Five kinds of Phaseolus beans were domesticated by pre-Columbian peoples, selecting pods that did not open and scatter their seeds when ripe: common beans (P. vulgaris) grown from Chile to the northern part of the United States; lima and sieva beans (P. lunatus); and the less widely distributed teparies (P. acutifolius), scarlet runner beans (P. coccineus), and polyanthus beans. ( https://en.wikipedia.org/wiki/Bean )
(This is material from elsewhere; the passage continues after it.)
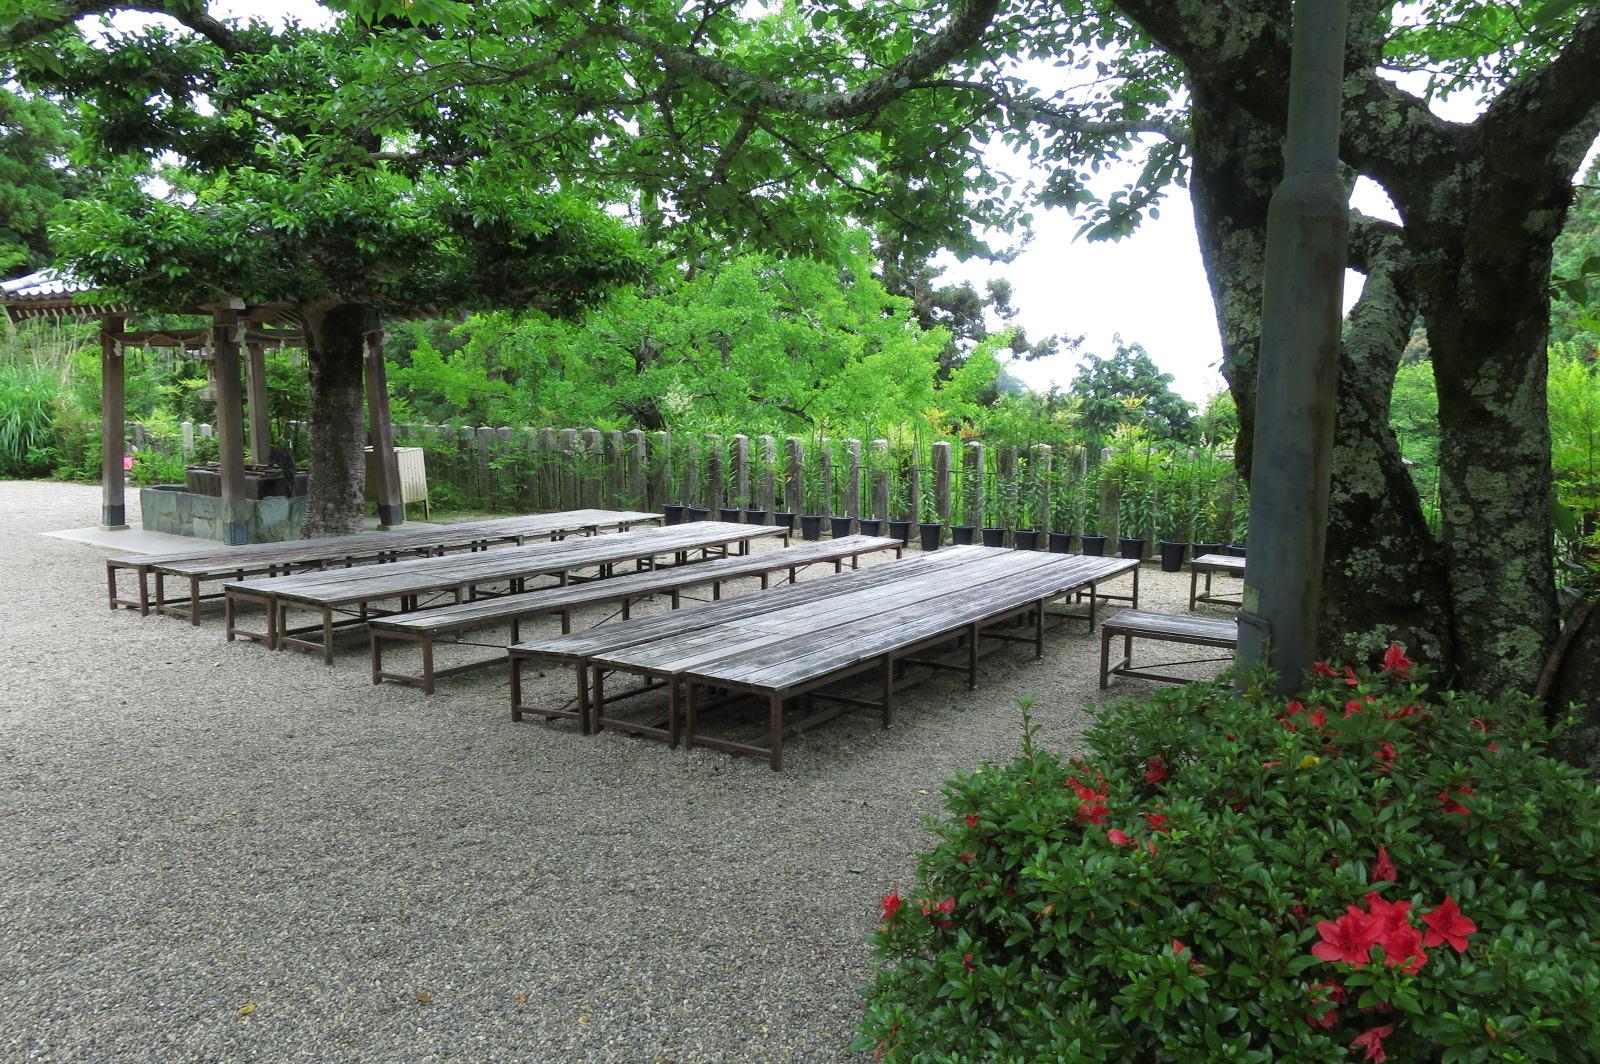 長椅子がありましたので、ゆっくり休憩しました。これから藤ノ木古墳に向かいます。

Also: https://dash.harvard.edu/server/api/core/bitstreams/7312037d-2b20-6bd4-e053-0100007fdf3b/content

Wikipedia:
Broad beans have a long tradition of cultivation in Old World agriculture, being among the most ancient plants in cultivation and also among the easiest to grow. While their wild ancestor has not been identified and their origin is unknown, charred legumes of a possible wild-type progenitor have been identified at the Natufian site of the el-Wad Terrace.Carbonised domestic faba bean remains were discovered at three adjacent Neolithic sites in Israel's Lower Galilee (Yiftah'el, Ahi'hud and Nahal Zippori). Based on the radiocarbon dating of these remains, scientists now believe that the domestication of the crop may have begun as early as 8,250 BCE.